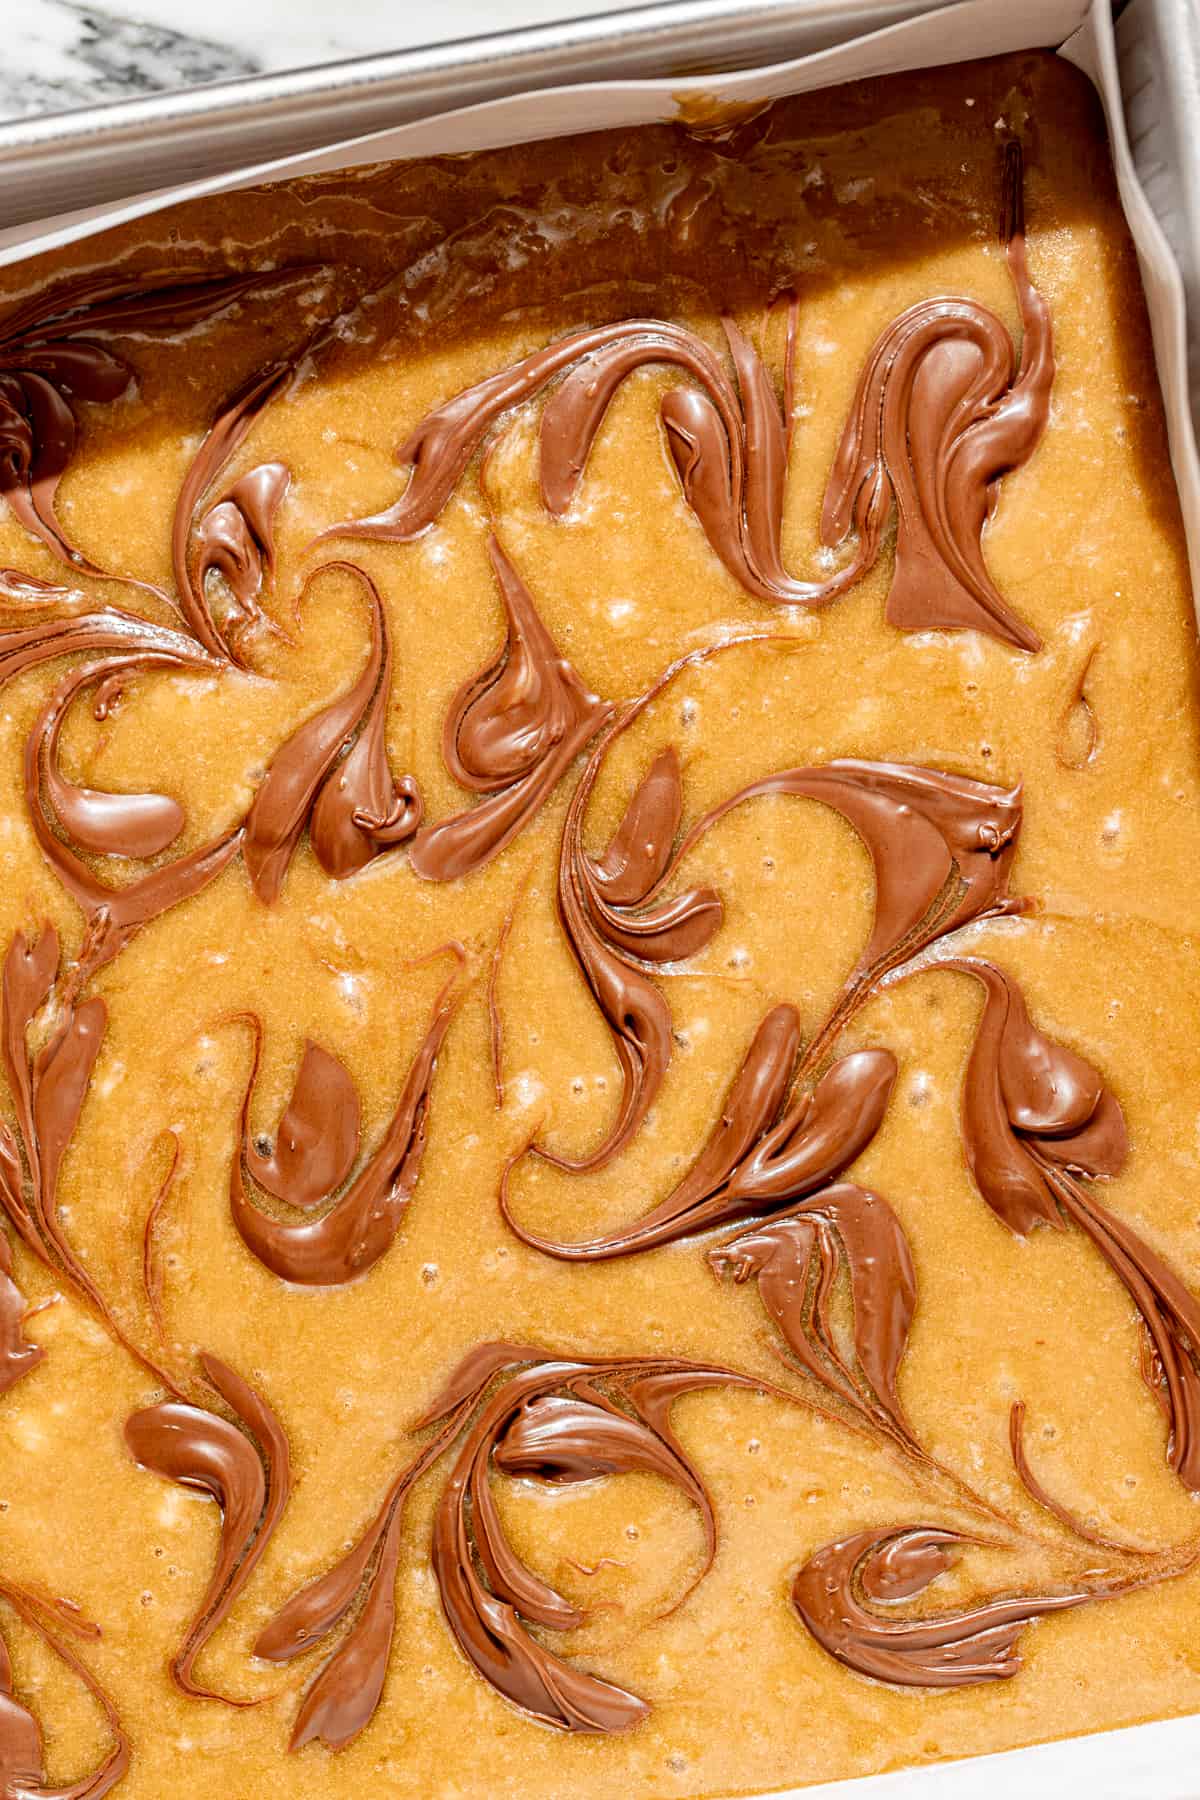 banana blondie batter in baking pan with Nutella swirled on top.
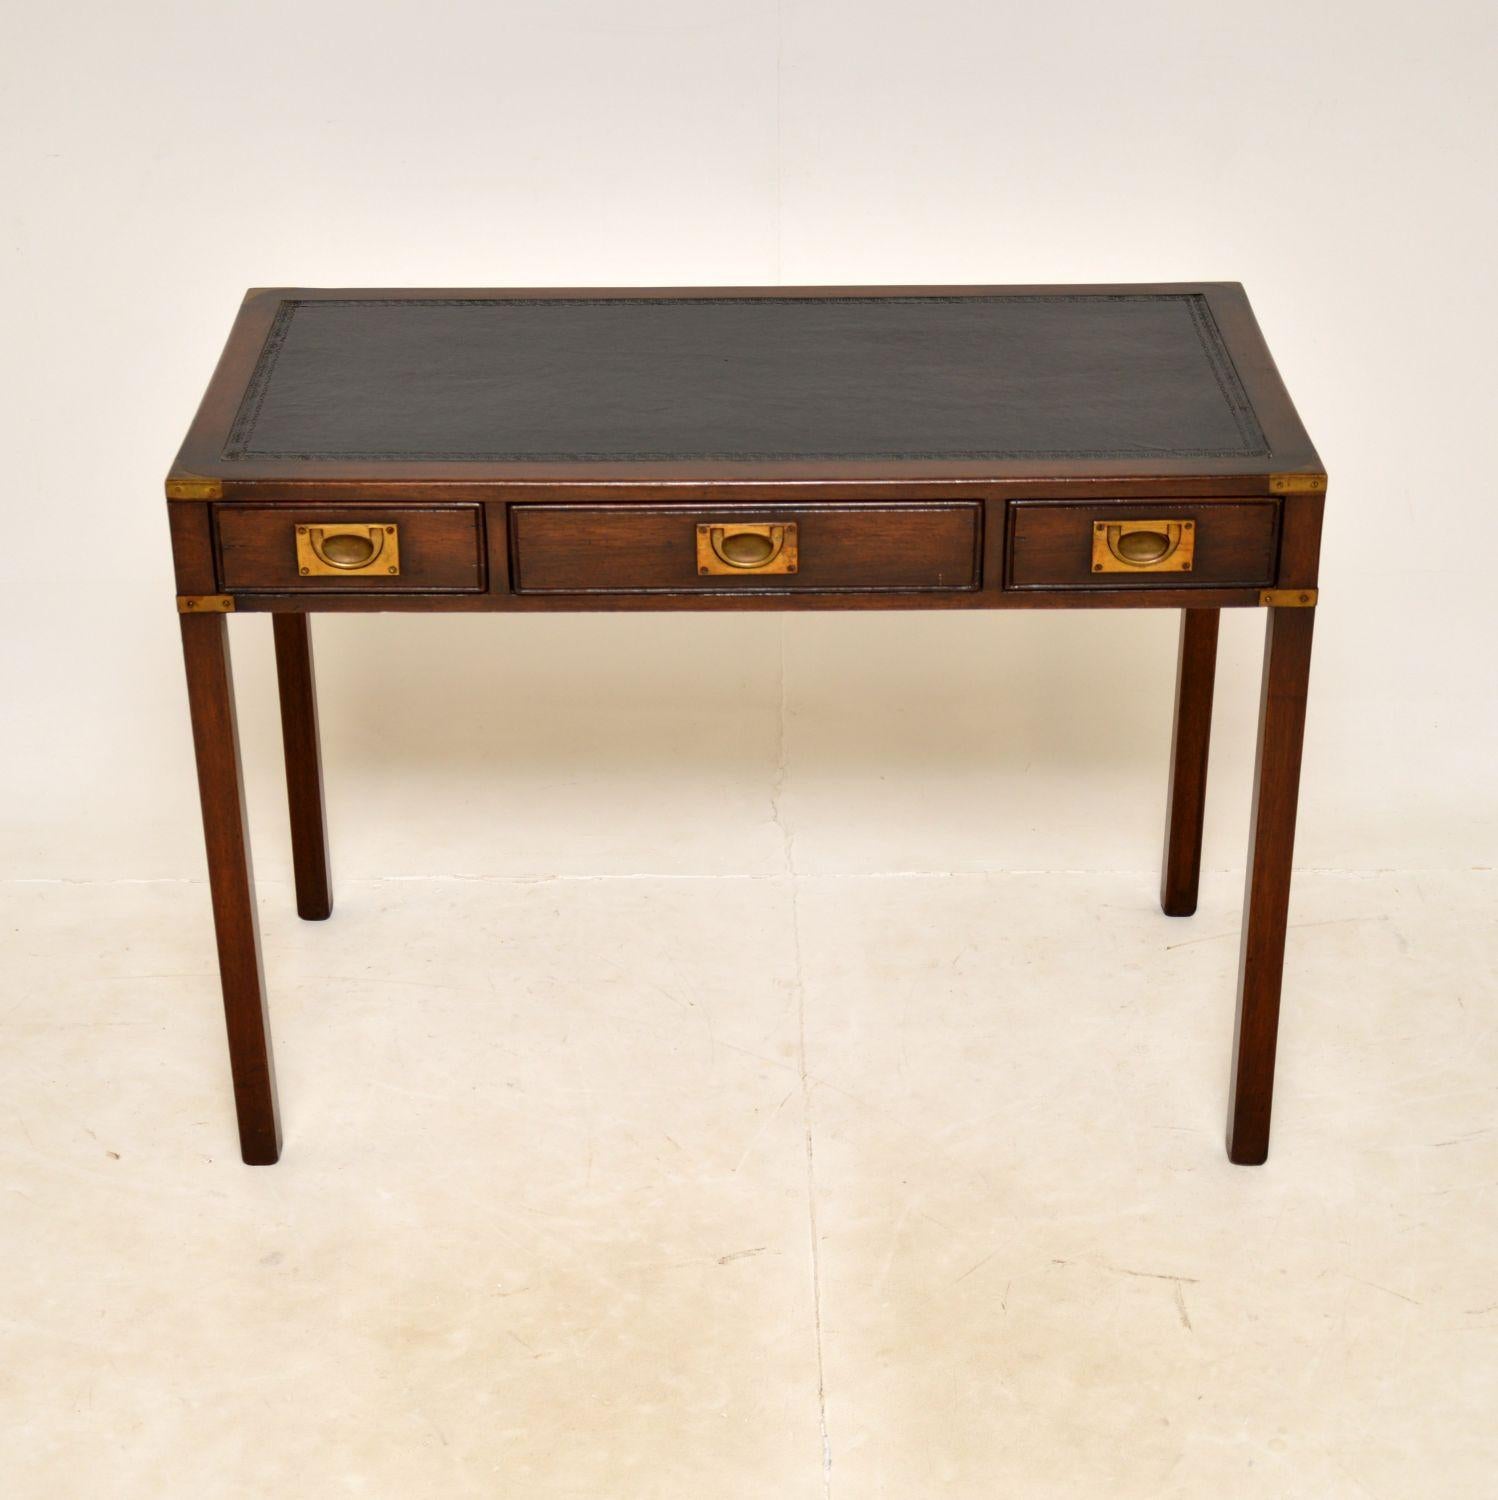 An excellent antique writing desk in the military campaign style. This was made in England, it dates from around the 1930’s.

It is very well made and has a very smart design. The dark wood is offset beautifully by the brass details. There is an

EXERCISE - Emit the lines of the data above from the one containing "An excellent antique" through its final line, both endpoints included. Pictures do not belong in the output.

SOLVED PROBLEM -
 An excellent antique writing desk in the military campaign style. This was made in England, it dates from around the 1930’s.

It is very well made and has a very smart design. The dark wood is offset beautifully by the brass details. There is an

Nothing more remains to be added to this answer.